Querying with the .Q Proxy¶
When constructing a QueryOntologyCatalog,
the class fields are queryable across any model inheriting from this mixin, according to the following table:
| Field Access Path | Queryable Type | Supported Operators |
|---|---|---|
<Model>.Q.variance |
Numeric |
.eq(), .neq(), .lt(), .gt(), .leq(), .geq(), .in_(), .between() |
<Model>.Q.variance_type |
Numeric |
.eq(), .neq(), .lt(), .gt(), .leq(), .geq(), .in_(), .between() |
Universal Compatibility
The <Model> placeholder represents any Mosaico ontology class (e.g., IMU, GPS, Floating64)

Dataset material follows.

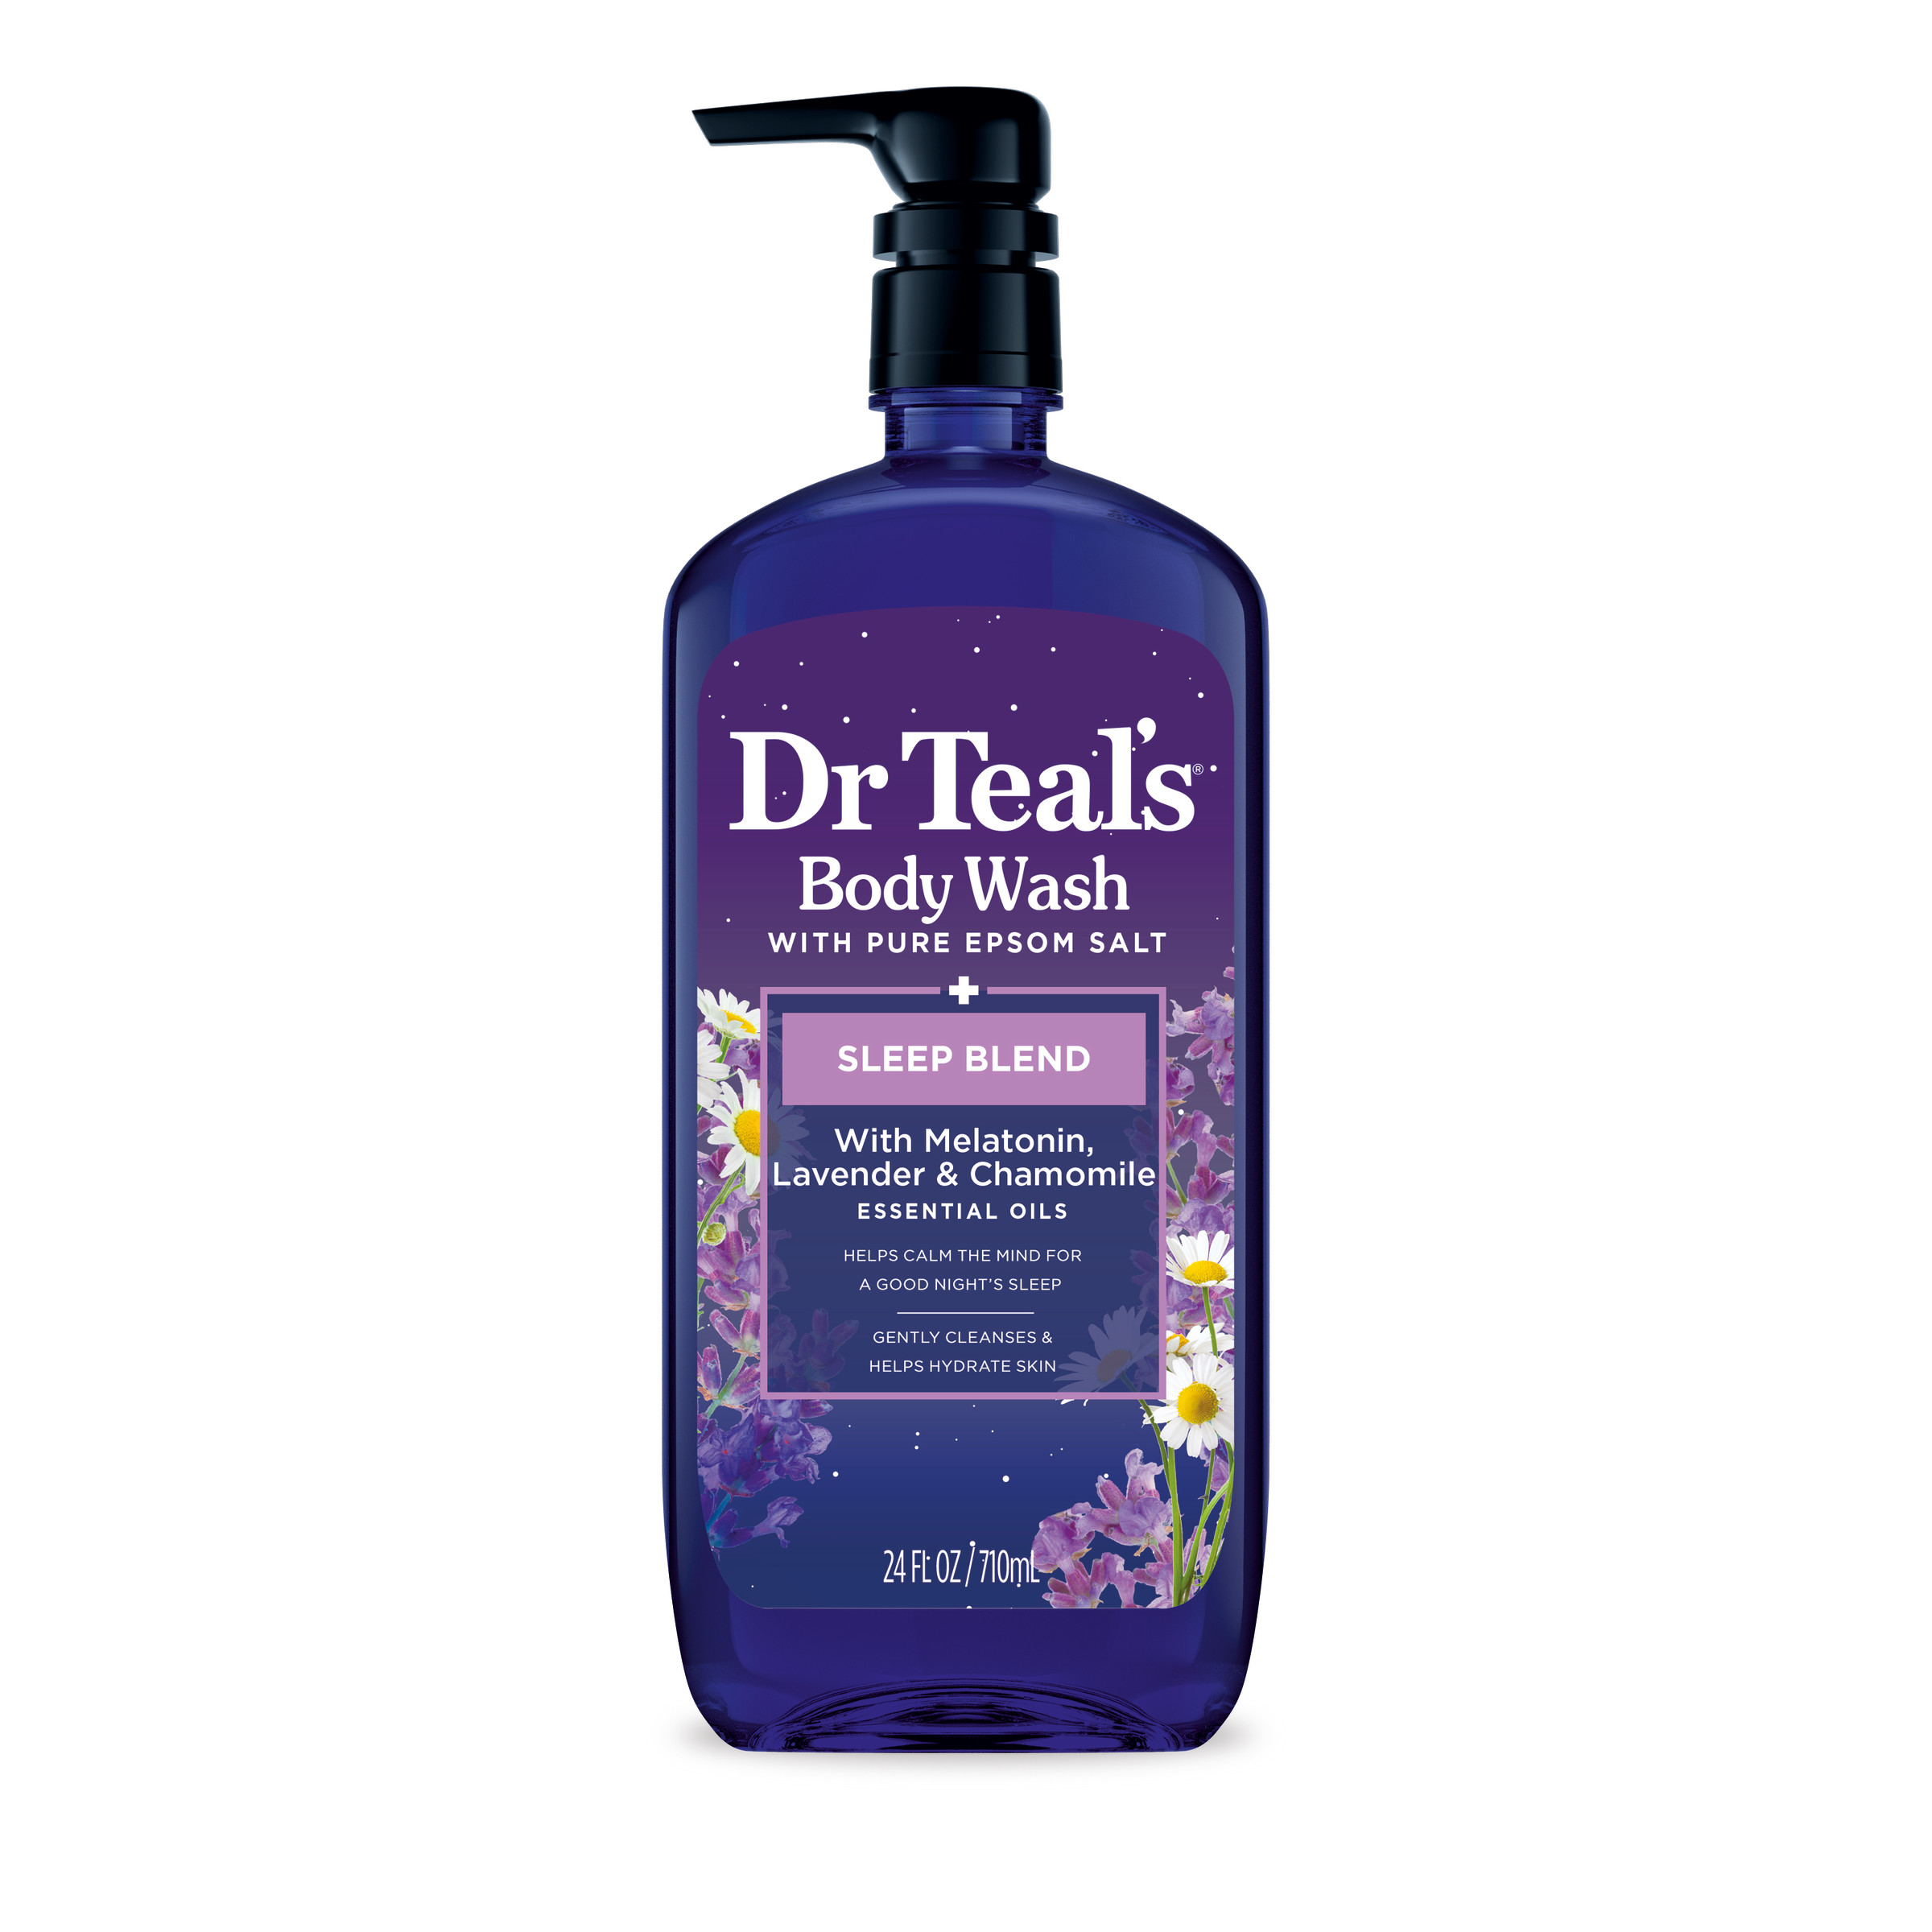 Dr Teal's Sleep Body Wash with Melatonin, Lavender & Chamomile & Essential Oil Blend, 24 fl oz - image 1 of 10

or any custom user-defined Serializable class that inherits
from HeaderMixin.
Example
from mosaicolabs import MosaicoClient, IMU, QueryOntologyCatalog
with MosaicoClient.connect("localhost", 6726) as client:
# Filter IMU data by a specific acquisition second
qresponse = client.query(
QueryOntologyCatalog(IMU.Q.variance.lt(0.76))
)
# Inspect the response
if qresponse is not None:
# Results are automatically grouped by Sequence for easier data management
for item in qresponse:
print(f"Sequence: {item.sequence.name}")
print(f"Topics: {[topic.name for topic in item.topics]}")
# Filter IMU data by a specific acquisition second
# `FROM_CALIBRATED_PROCEDURE` is some enum value defined by the user
qresponse = client.query(
QueryOntologyCatalog(IMU.Q.variance_type.eq(FROM_CALIBRATED_PROCEDURE))
)
# Inspect the response
if qresponse is not None:
# Results are automatically grouped by Sequence for easier data management
for item in qresponse:
print(f"Sequence: {item.sequence.name}")
print(f"Topics: {[topic.name for topic in item.topics]}")
variance
class-attribute
instance-attribute
¶
Optional 64-bit float representing the variance of the data.
This field is injected into the model via composition, ensuring that sensor data is paired with the optional variance attribute.
Querying with the .Q Proxy¶
Check the documentation of the VarianceMixin to construct a valid expression for the
QueryOntologyCatalog builder involving the variance component.
variance_type
class-attribute
instance-attribute
¶
Optional 16-bit integer representing the variance parameterization.
This field is injected into the model via composition, ensuring that sensor data is paired with the optional covariance type attribute.
Querying with the .Q Proxy¶
Check the documentation of the VarianceMixin to construct a valid expression for the
QueryOntologyCatalog builder involving the variance_type component.